A Little Background...
Early development of the Nanos unikernel targeted applications running on major cloud providers, which were then universally based on the x86-64 architecture. It seemed that the target audience for Nanos would be firmly seated in this Intel-centric ecosystem for some time to come, and our development was more focused on getting a proof-of-concept up and running rather than considering what platforms might be supported in the future.
With time came increased interest in the application of unikernels at the edge and in embedded devices. This demand led us to take this first step towards portability and add support for the 64-bit ARM architecture (aarch64).
In this post, we'll give a little tour to show how one can cross-compile an aarch64 image, run it under emulation (no ARM device needed) as well as under KVM running on a Raspberry Pi 4. Then we'll discuss the development of this port and some of the peculiarities that arose along the way.
Preparing the environment
For this guide we'll assume you're cross-compiling on a Debian-based machine. First install gcc for aarch64 (we've tested on versions going back to 7.5.0):
sudo apt-get install gcc-aarch64-linux-gnu
Building a modern QEMU:
We recommend installing QEMU version 5.2.0 or newer to get the latest ARM support. Debian's QEMU packages are much older, and the QEMU project doesn't appear to provide Debian packages, so we'll just do a build straight from git:
Install dependencies for the QEMU build:
sudo apt install ninja-build libglib2.0-dev libpixman-1-dev
Now let's pull a QEMU tree, with only one level of commit history, and check out the v5.2.0 tag:
git clone --depth 1 --branch v5.2.0 https://gitlab.com/qemu-project/qemu.git qemu-v5.2.0 cd qemu-v5.2.0/ mkdir build cd build
Configure and build. Note that you may wish to add other targets to "--target-list", separated by commas.

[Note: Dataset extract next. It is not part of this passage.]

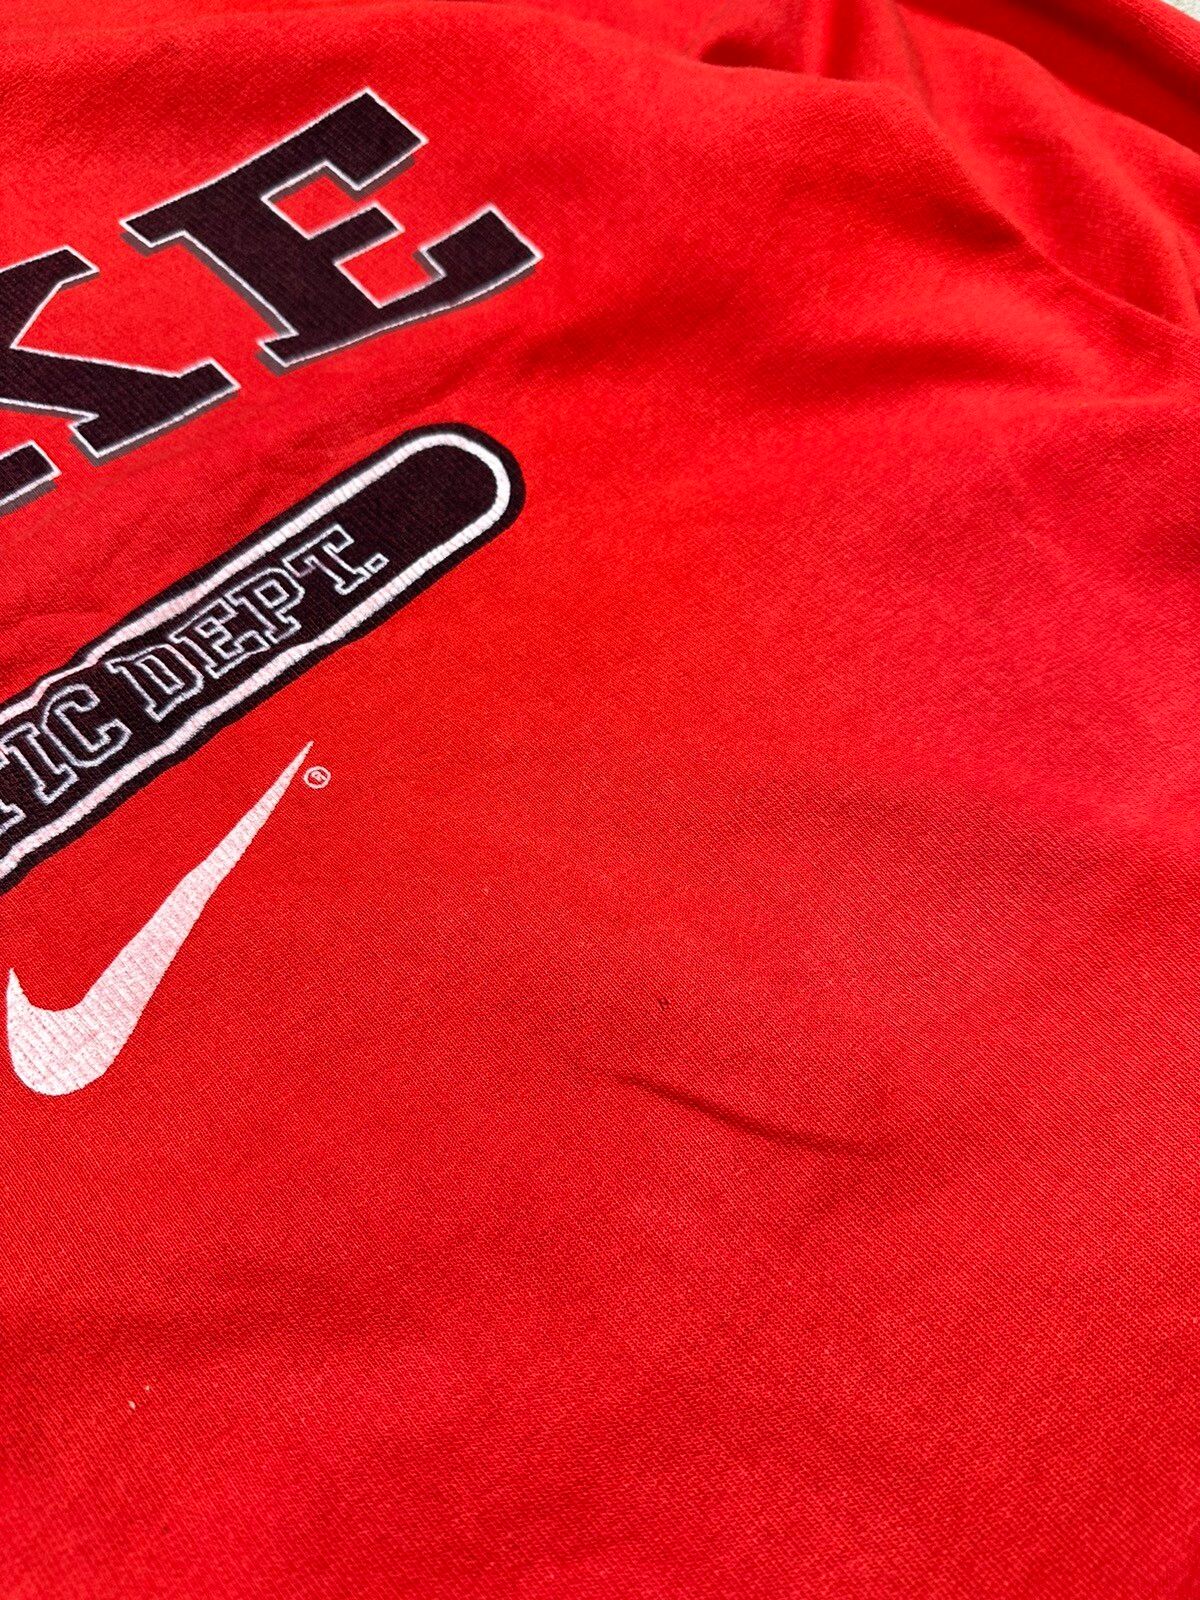 Nike ‼️ Vintage 90s Nike Duke Red Trashed Crewneck Bootleg Size US L / EU 52-54 / 3 - 4 Thumbnail

../configure --target-list=aarch64-softmmu --prefix=/usr/local make sudo make install
Your QEMU build is now installed. Be sure that /usr/local/bin is in your $PATH before proceeding.

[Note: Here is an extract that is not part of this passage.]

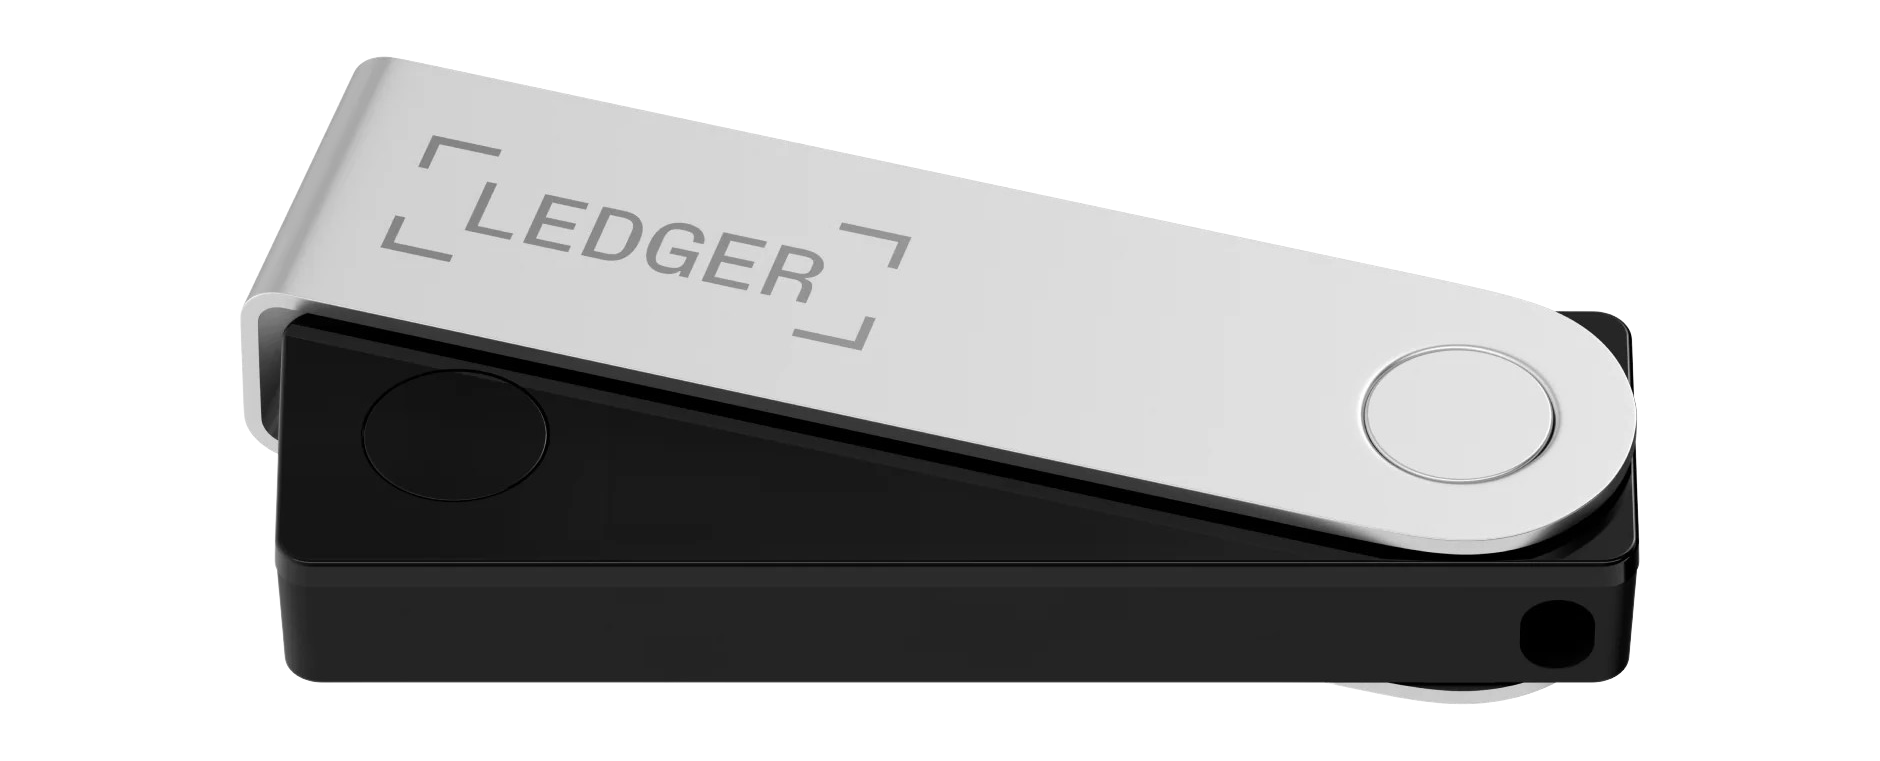 Ngrave Zero vs Ledger Nano X: Which Hardware Wallet Should You Buy?

Building Nanos for the "virt" QEMU machine type
In a native build of the Nanos kernel, or when staging a program executable using ops, common dependencies like shared libraries and configuration files are drawn from the host system. This isn't going to work when building on a host that's a different architecture or OS than the target.

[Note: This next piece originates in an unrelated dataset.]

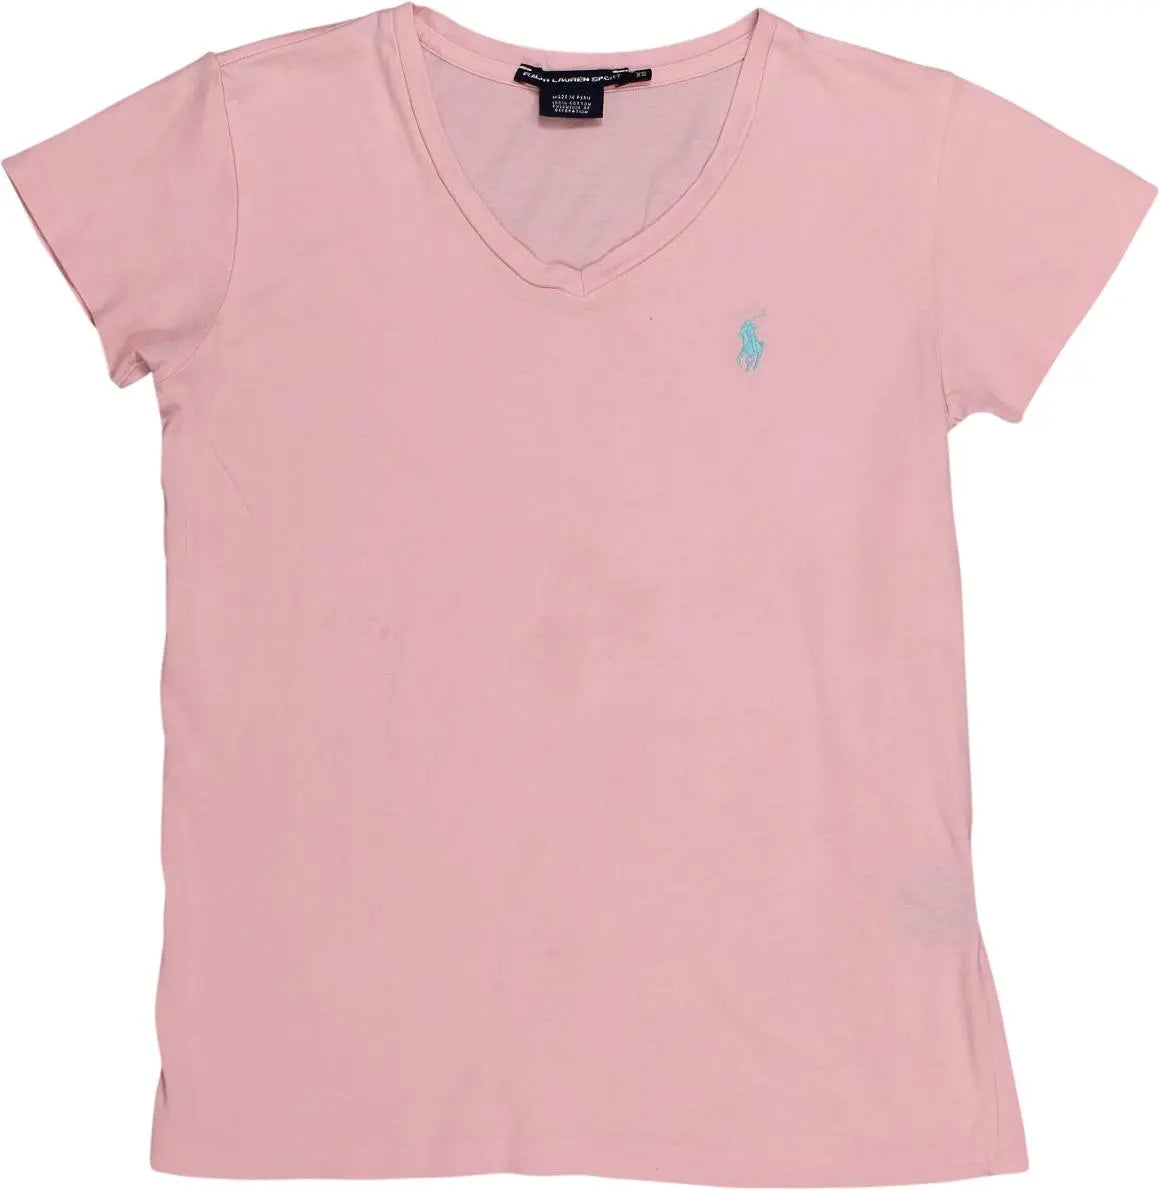 Ralph Lauren - Pink T-shirt by Ralph Lauren Sport- ThriftTale.com - Vintage and second handclothing

When cross-building for another architecture, we'll need a path to source such dependencies. The NANOS_TARGET_ROOT environment variable supplies this path to the Nanos makefiles. You can use a root image of your own Linux/arm64 installation or download and use the minimal Debian arm64 root image that we provide for our CI tests:
wget https://storage.googleapis.com/testmisc/arm64-target-root.tar.gz mkdir arm64-target-root cd arm64-target-root sudo tar --exclude=dev/* -xzf ../arm64-target-root.tar.gz export NANOS_TARGET_ROOT=`pwd`
Now we're ready to clone a Nanos tree and build it for the virt QEMU machine type. This machine type is ideal for use with Nanos as it is specifically designed for virtual machines and is not restricted by the need to model a real hardware platform. The PLATFORM variable indicates the target platform, which also implies the target architecture (ARCH). The build will check the host architecture and, if it differs from that of the target, automatically set CROSS_COMPILE to "$ARCH-linux-gnu-". CROSS_COMPILE can be overridden to a different prefix if necessary. TARGET specifies the test program to build; we'll start with "hw", which is a simple hello world program written in C.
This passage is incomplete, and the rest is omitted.